**Work required**
Transcribe everything in the listing below exactly, except the pictures.

**Source data**
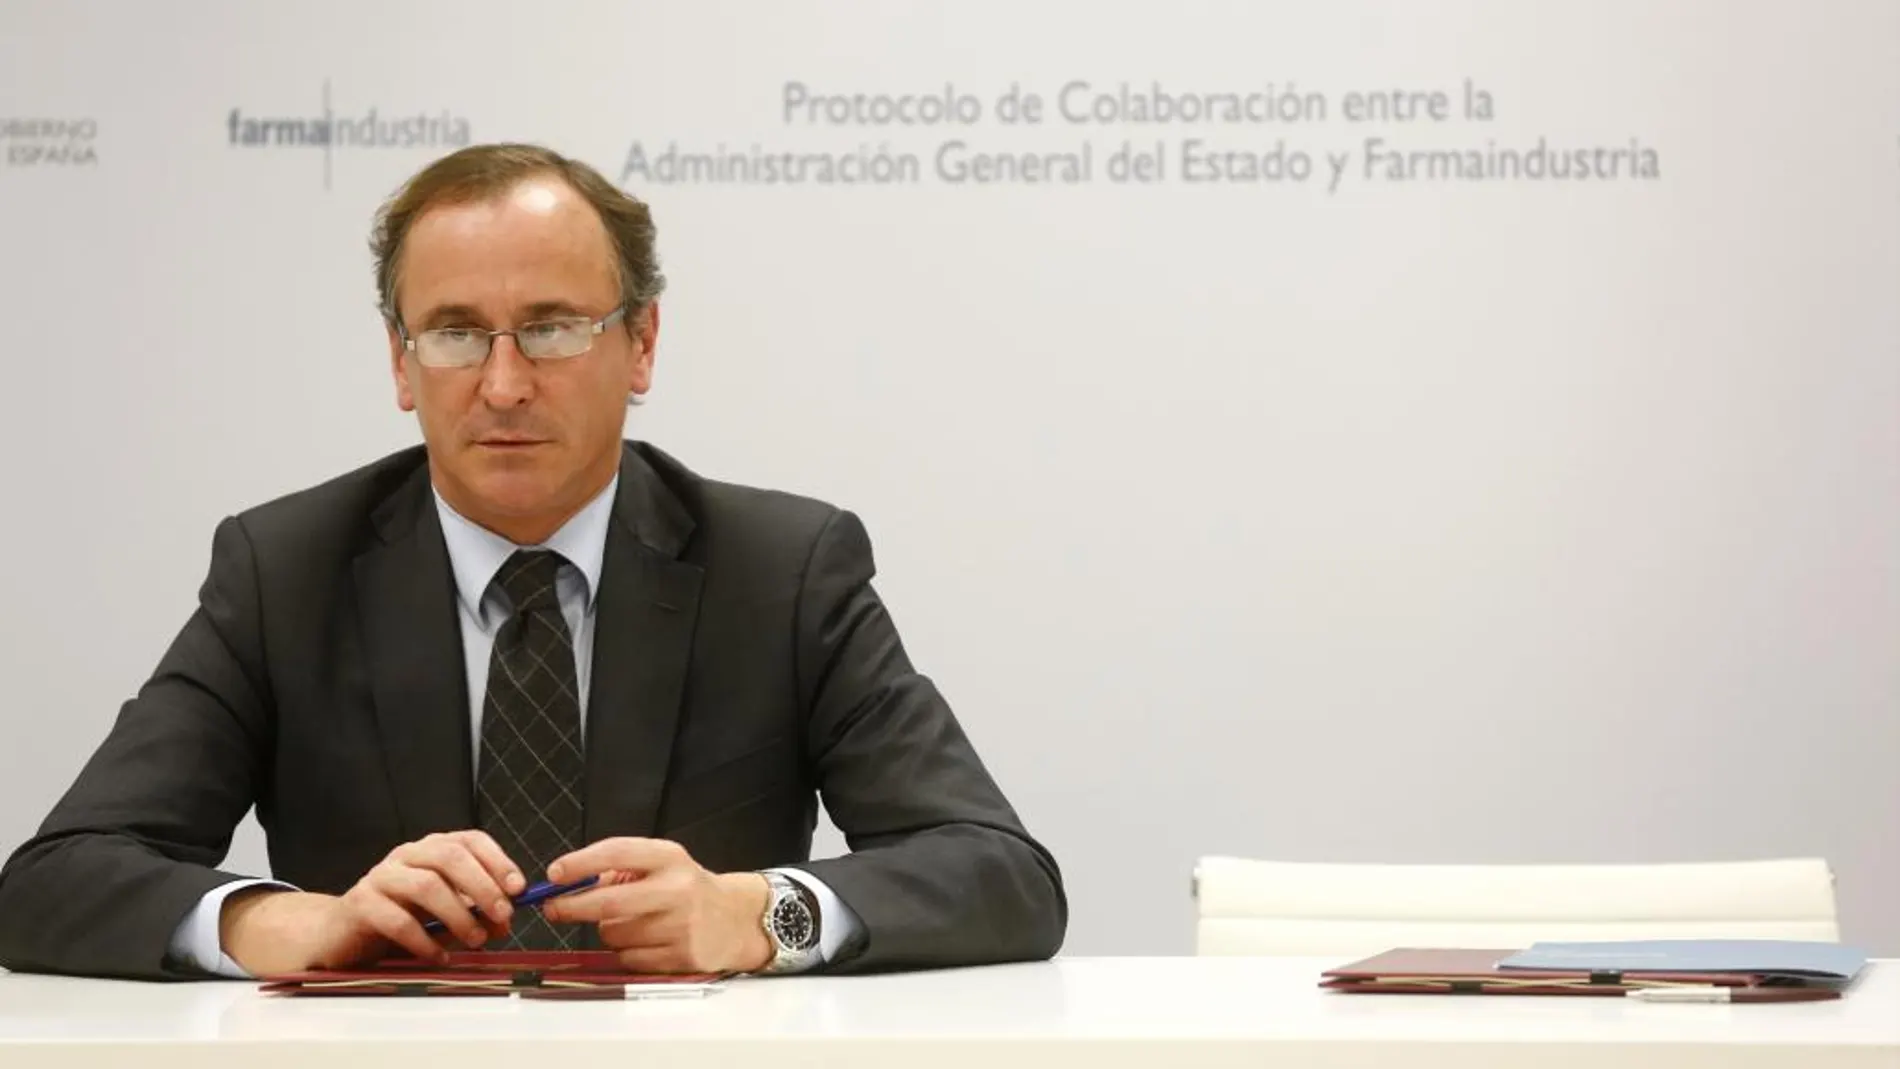 El presidente del PP de Euskadi, Alfonso Alonso, ha anunciado que ayer se comunicó a Aldecoa su despido disciplinario por las "graves irregularidades"desveladas tras la auditoría realizada a las cuentas del partido en Bizkaia en 2015.
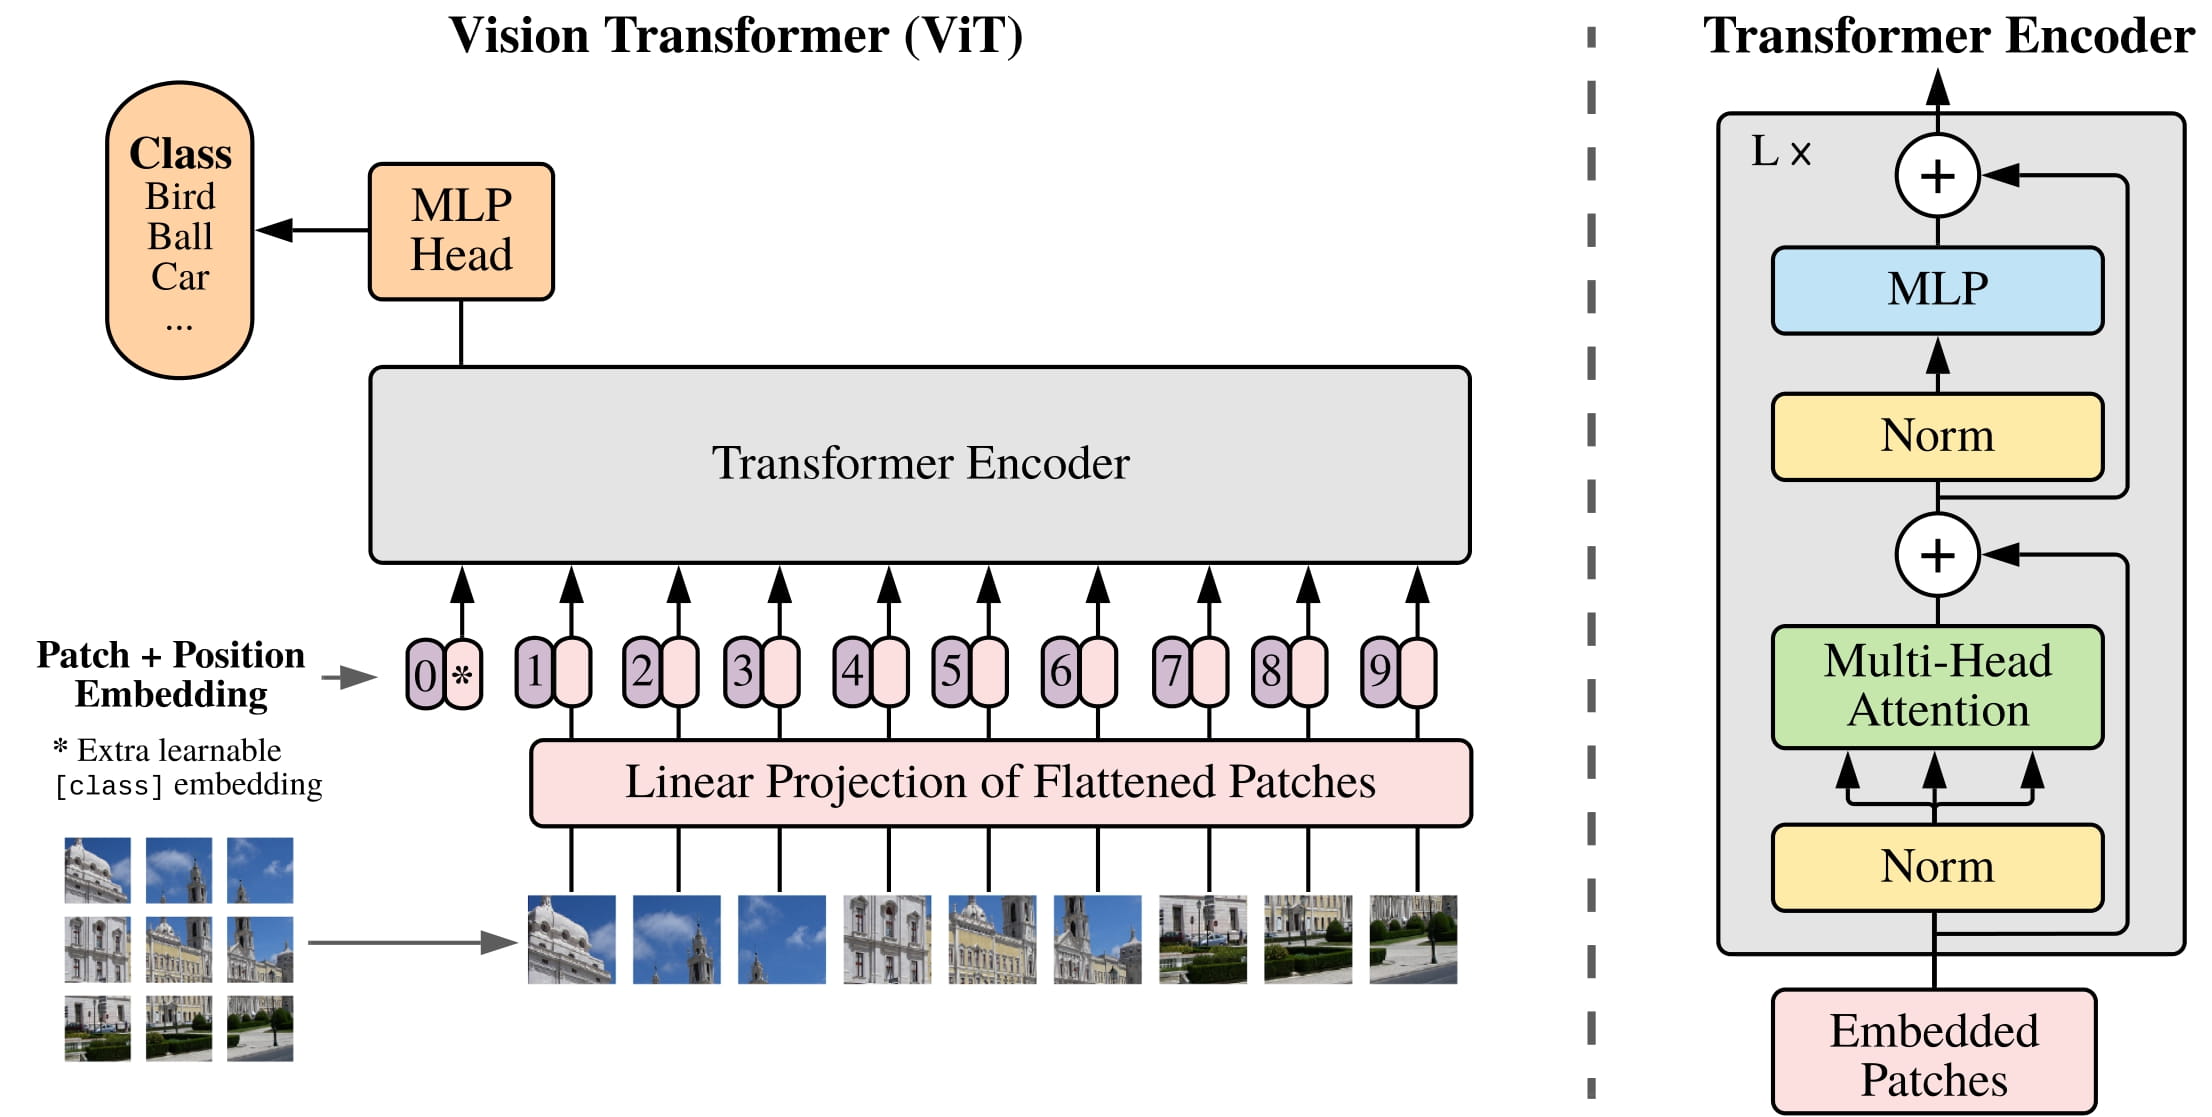 ViT (Vision Transformer)
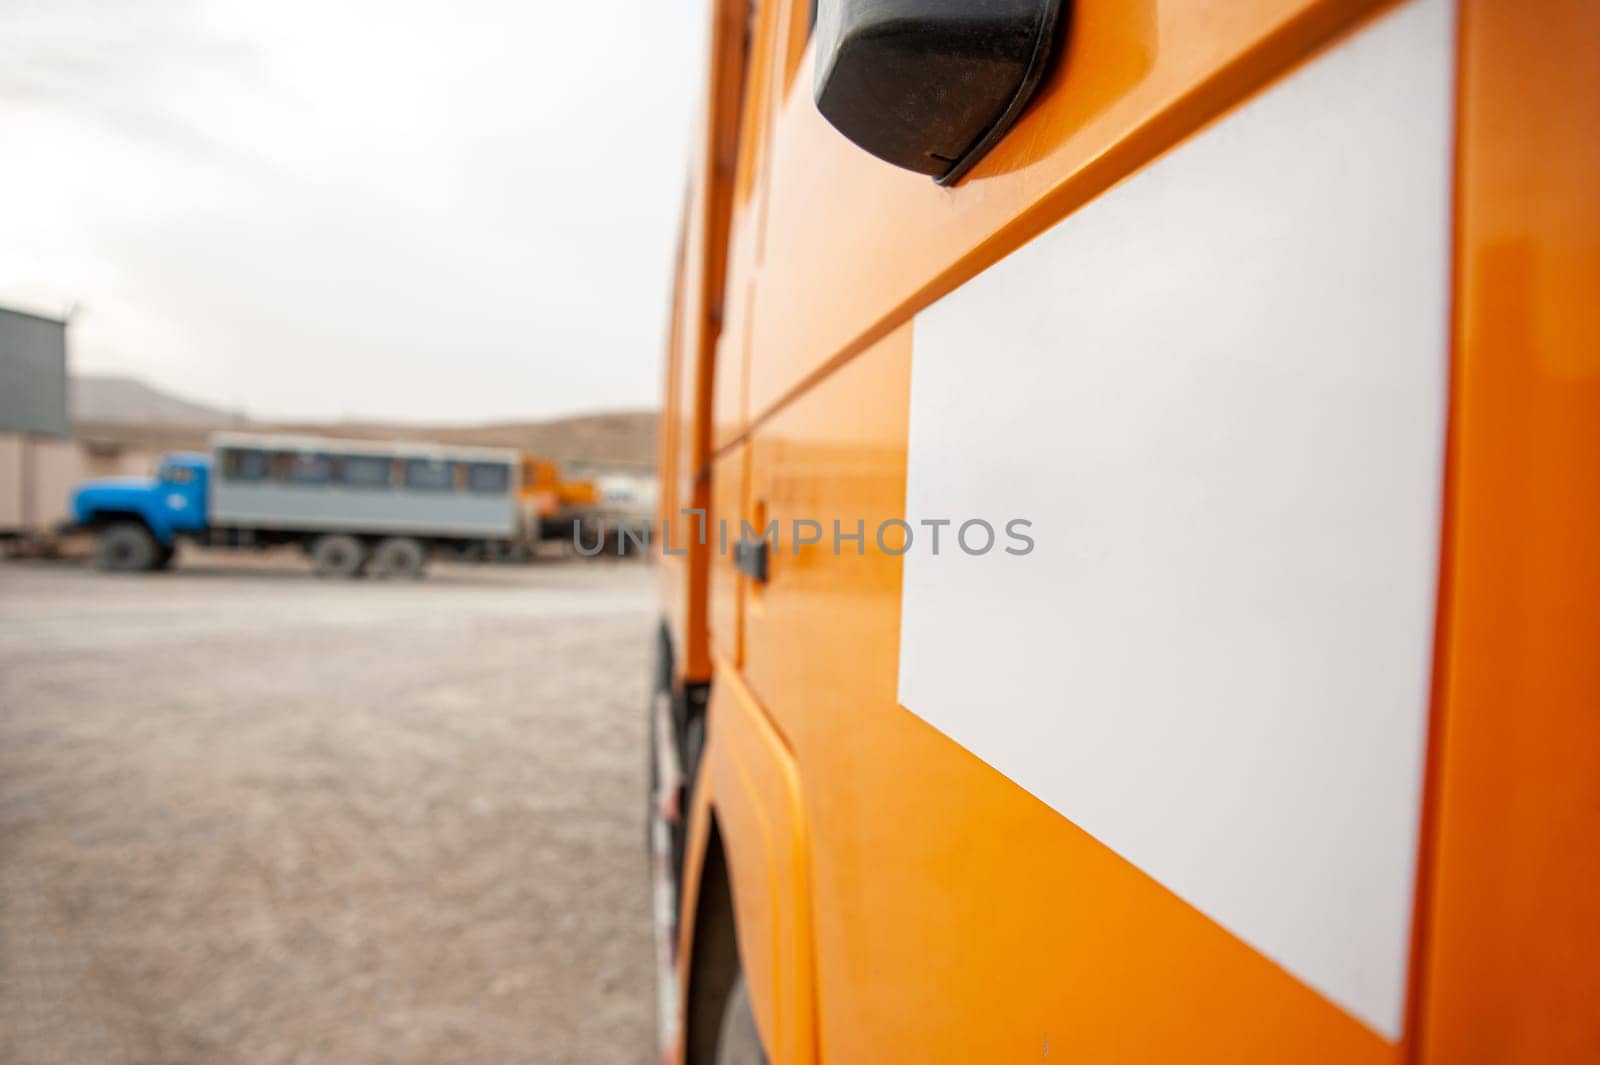 A closeup of an orange dump truck door at a construction site

**Answer space**
 El presidente del PP de Euskadi, Alfonso Alonso, ha anunciado que ayer se comunicó a Aldecoa su despido disciplinario por las "graves irregularidades"desveladas tras la auditoría realizada a las cuentas del partido en Bizkaia en 2015.
 ViT (Vision Transformer)
 A closeup of an orange dump truck door at a construction site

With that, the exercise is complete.